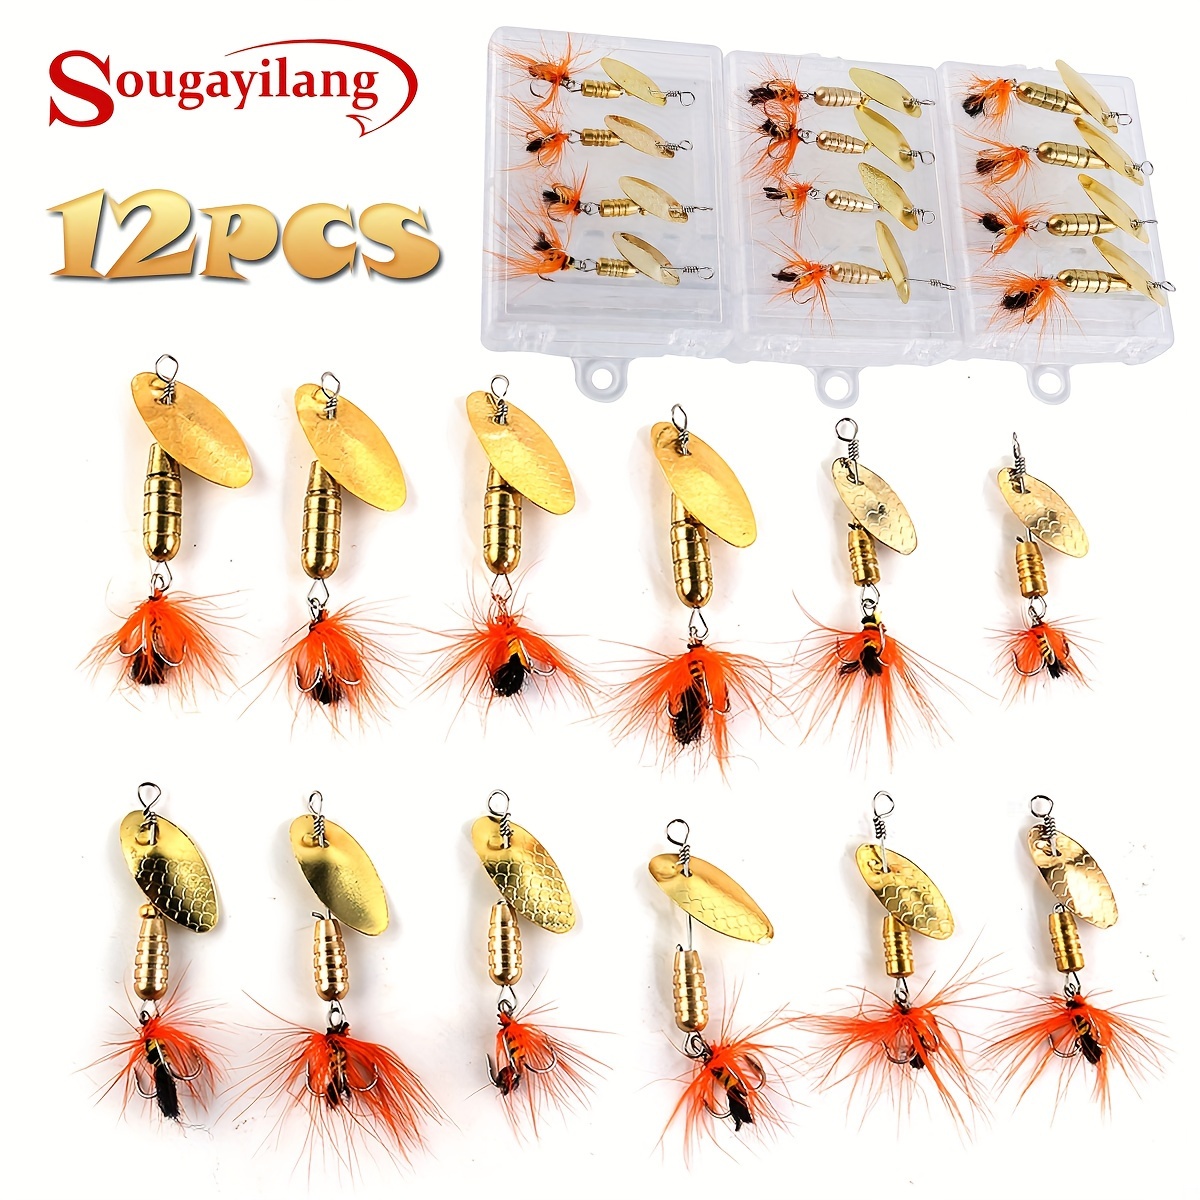 Mini-Spinner-Baits-for-Bass-Fishing-Lures-Colorado-Spinnerbait-Top-Water-Fishing-Lures-Micro-Spinner-Smallmouth-Bass-Lure  Small Water Hard Baits Pan
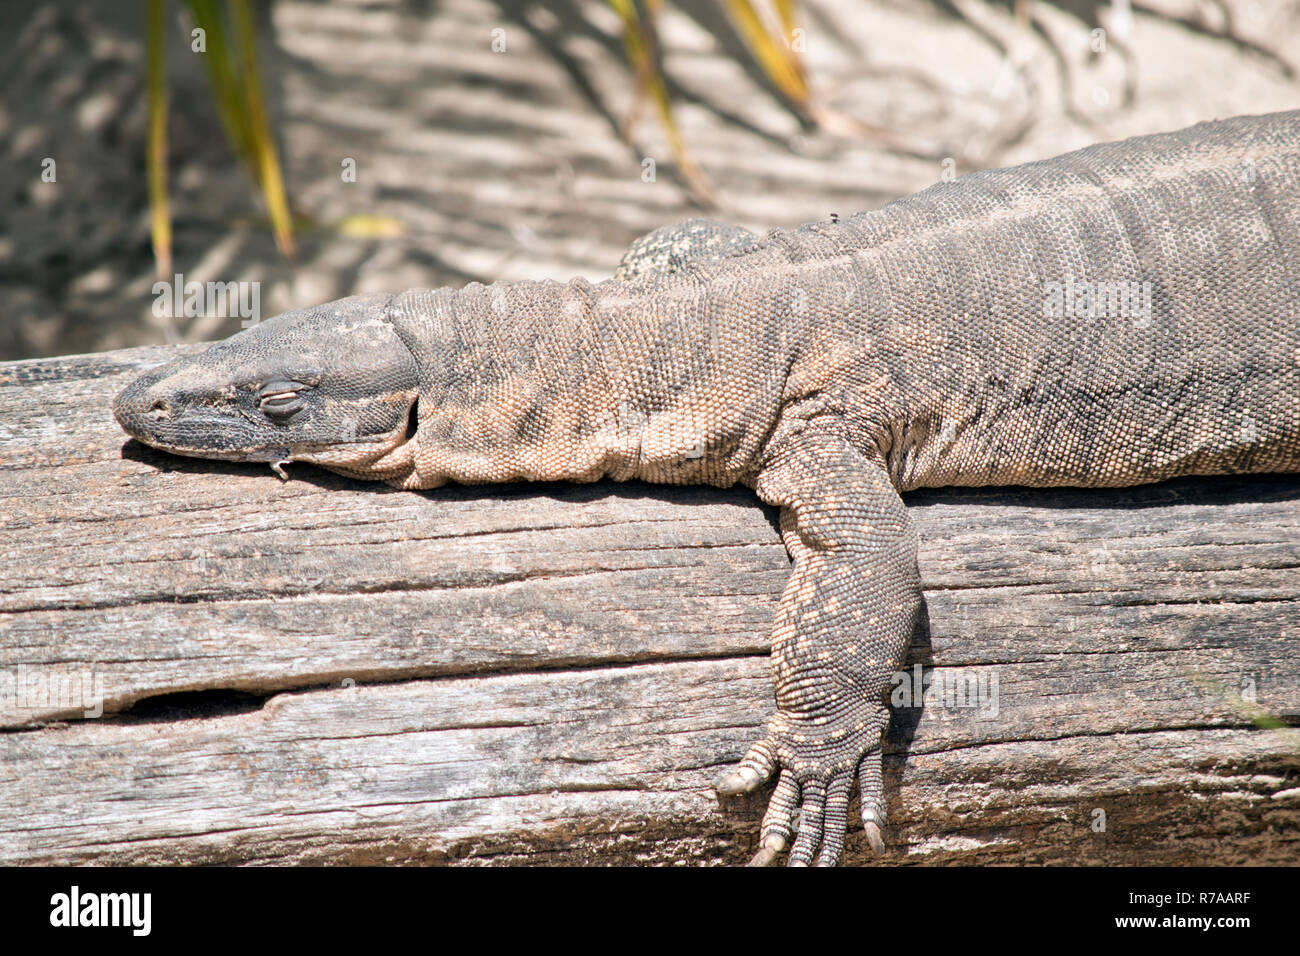 this is a close up of a rosenberg's monitor lizard Stock Photo
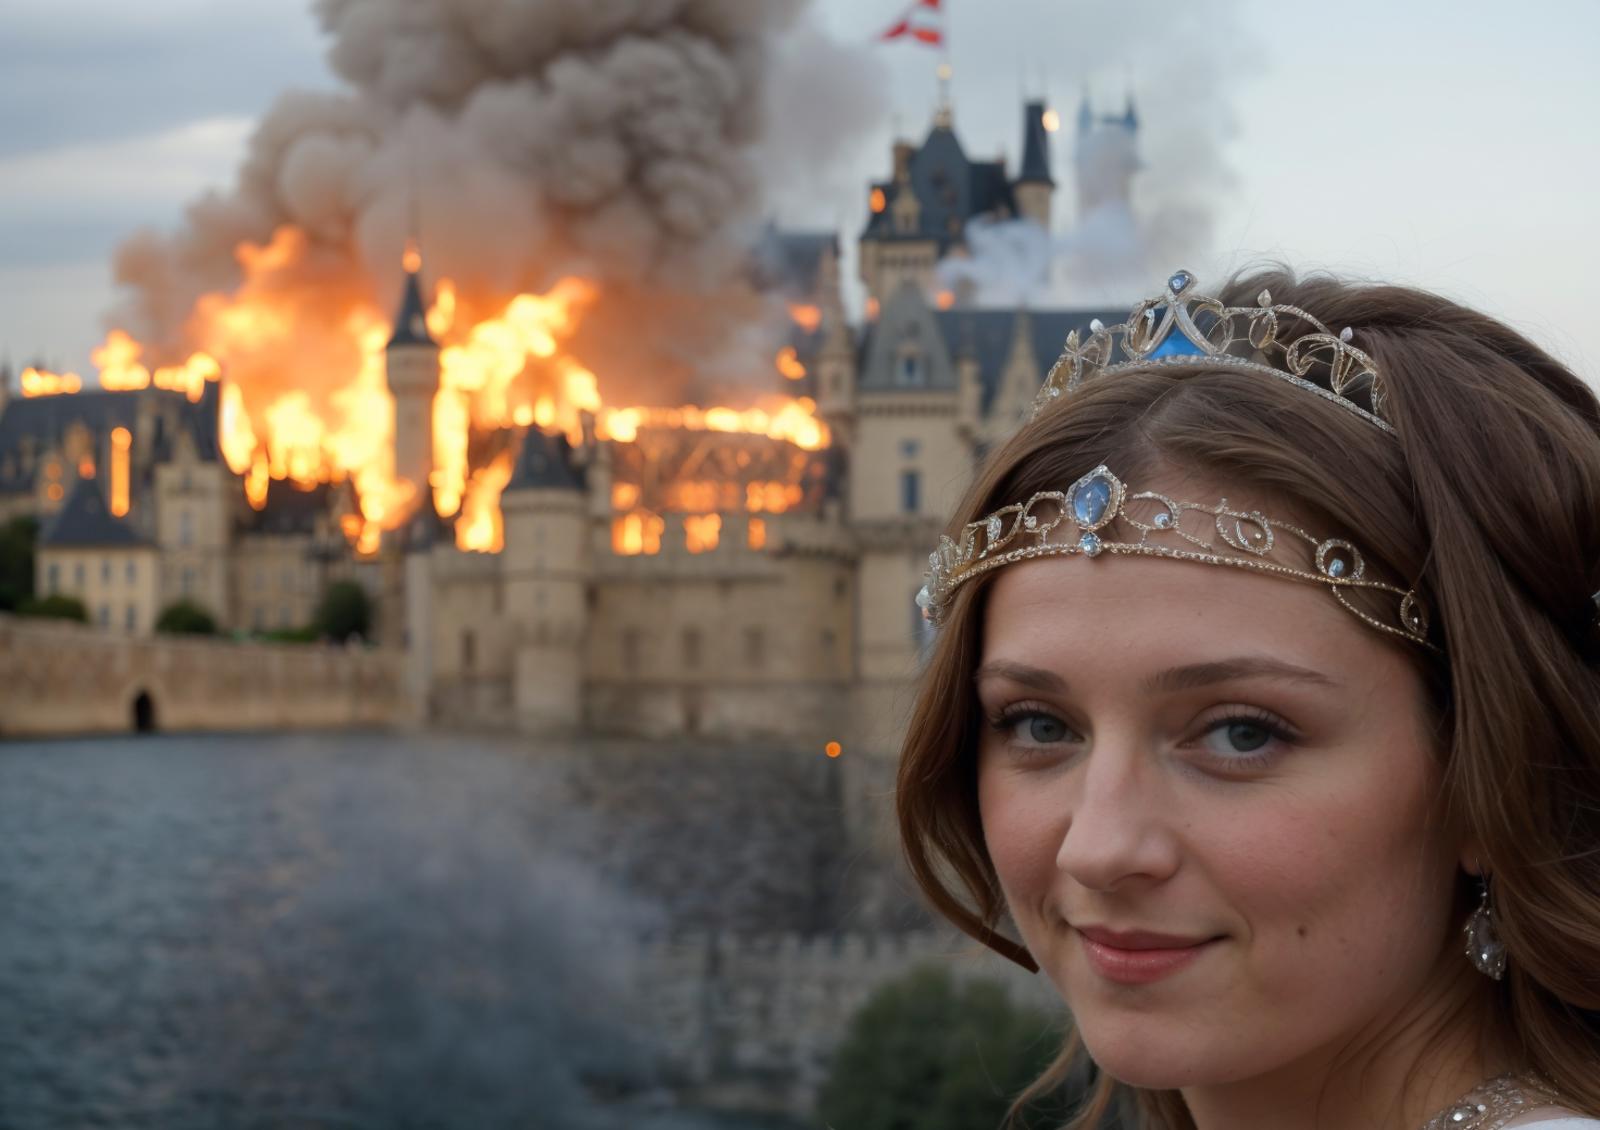 A young woman with a crown is posing in front of a large castle, which is on fire.

The task: Leaving the pictures out, give back each line above exactly.

Solution to the exercise:
 Mini-Spinner-Baits-for-Bass-Fishing-Lures-Colorado-Spinnerbait-Top-Water-Fishing-Lures-Micro-Spinner-Smallmouth-Bass-Lure  Small Water Hard Baits Pan
 this is a close up of a rosenberg's monitor lizard Stock Photo
 A young woman with a crown is posing in front of a large castle, which is on fire.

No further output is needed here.